These authors were among 1,000 who were involved in a fruit-fly genomics paper. Credit: W. Leung et al. Genes Genome Genet. 5, 719–740 (2015)

Author lists have grown lengthy in many fields of science, but when a Drosophila genomics paper1 was published with more than 1,000 authors, it sparked discussion online about the meaning of authorship. The paper, published in the journal Genes Genomes Genetics, names 1,014 authors — with more than 900 undergraduate students among them. Zen Faulkes, an invertebrate neuroethologist at the University of Texas-Pan American in Edinburg, questions on his blog whether every person made enough of a contribution to be credited as an author. But the paper’s senior author, geneticist Sarah Elgin at Washington University in St. Louis, Missouri, says that large collaborations with correspondingly large author lists have become a fact of life in genomics research. “Putting together the efforts of many people allows you to do good projects,” she says.

Quadruple-digit author lists are not unusual in fields such as particle physics, but are rare in biology. The G3 paper focused on the sequencing of a particular segment of the Drosophila genome known as the Muller F element. The students are members of the Genomics Education Partnership, a collaboration of largely US institutes, and they manually corrected errors in draft sequences and annotated this stretch of the genome from four species of Drosophila. The results suggest that key sections of the Muller F element, also known as the dot chromosome, have been conserved in Drosophila species during 40 million years of evolution.

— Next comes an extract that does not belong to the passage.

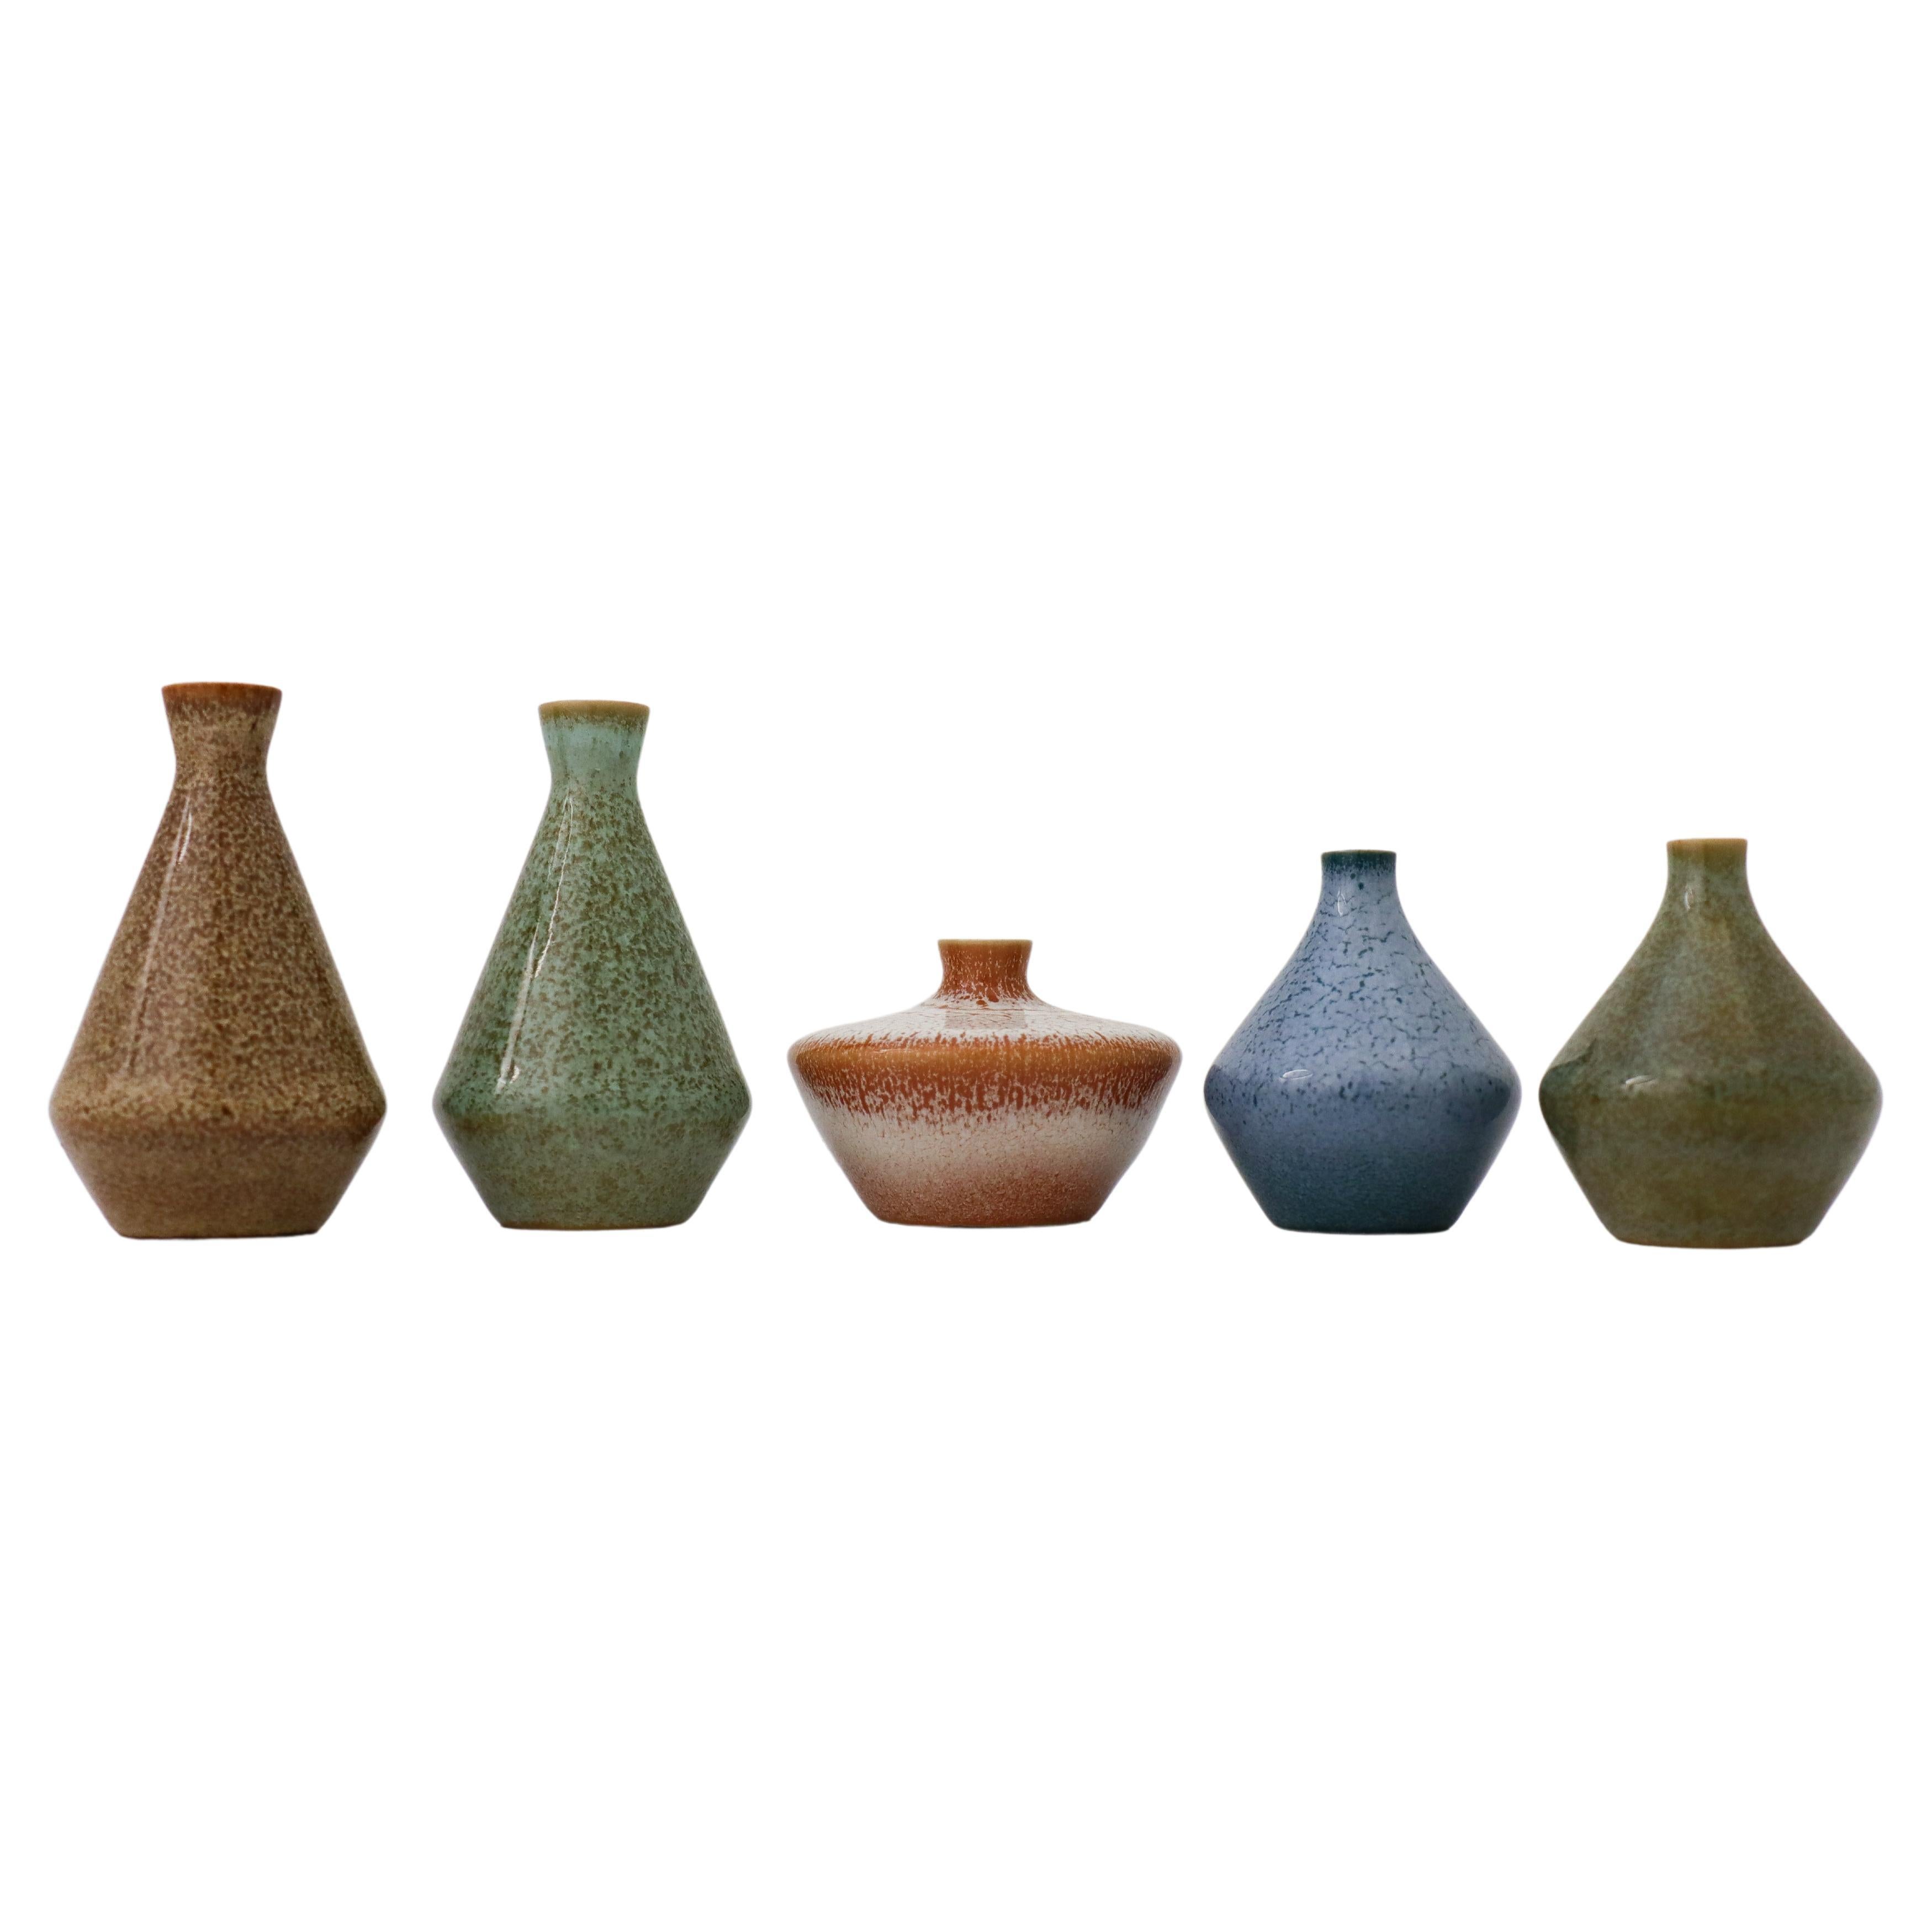 Group of 5 Miniature Vases, Bertil Lundgren, Rörstrand, Midcentury Vintage

Andreas Prokop, a geneticist and Drosophila researcher at the University of Manchester, UK, who was not one of the authors, showed support for the project in his tweet:

Others were shocked. William Alexander, a synthetic biologist at the University of Wisconsin–Madison, tweeted:

Faulkes wrote on his Neurodojo blog that “papers like this render the concept of ‘authorship’ of a scientific paper meaningless”. He suggests that the students could have been called contributors instead, and that their names could have been included in a supplementary file.

In an interview, Faulkes says that he suspects the students would not qualify as authors using the definition set by the International Committee of Medical Journal Editors. Among other things, those guidelines call for authors to be responsible for “drafting the work or revising it critically for important intellectual content”.

Elgin says that all of the students read, critiqued and approved the manuscript, but did not write or revise it. Correcting and annotating the sequence required extensive data analysis, she says, and each student made a “significant intellectual contribution” to the project and earned his or her place in the author list.

In a post on Genes to Genomes — the blog of the Genetics Society of America, which publishes G3 — Elgin is quoted as saying, “One of our big goals was to publish a paper with the students as co-authors. We wanted them to be able to look themselves up on PubMed!”

Adam Fagen, executive director of the Genetics Society of America, who is familiar with the paper, says that it took a large team to tackle the immense volume of research data. He adds that key researchers appear at the beginning and end of the author list, and the others are listed alphabetically by institution. First author Wilson Leung, a geneticist at Washington University, led the statistical analysis of the final data.

The online discussion highlighted how the definition of an author can vary between scientific disciplines, depending on the type of research involved: huge genetics projects such as ENCODE can include hundreds of collaborators, for instance. Faulkes, who studies crustacean biology, says that it is rare for papers in his field to have ten or more authors. But as he notes on his blog, a landmark 2012 paper on the Higgs boson in Physics Letters B listed 2,932 authors — all members of the ATLAS Collaboration at the Large Hadron Collider at CERN near Geneva, Switzerland. Gordon Watts, a particle physicist at the University of Washington in Seattle and one of the many authors on that Higgs paper, says: “We have a long tradition of long author lists, and we all know how to interpret them.” He adds: “In particle physics, the experiments are very large, and people work on many different tasks.”

In his blog post, Faulkes suggests a new rule: “If the number of authors on your paper can be measured in ‘kiloauthors’, having your name on the paper will not count for tenure and promotion purposes.”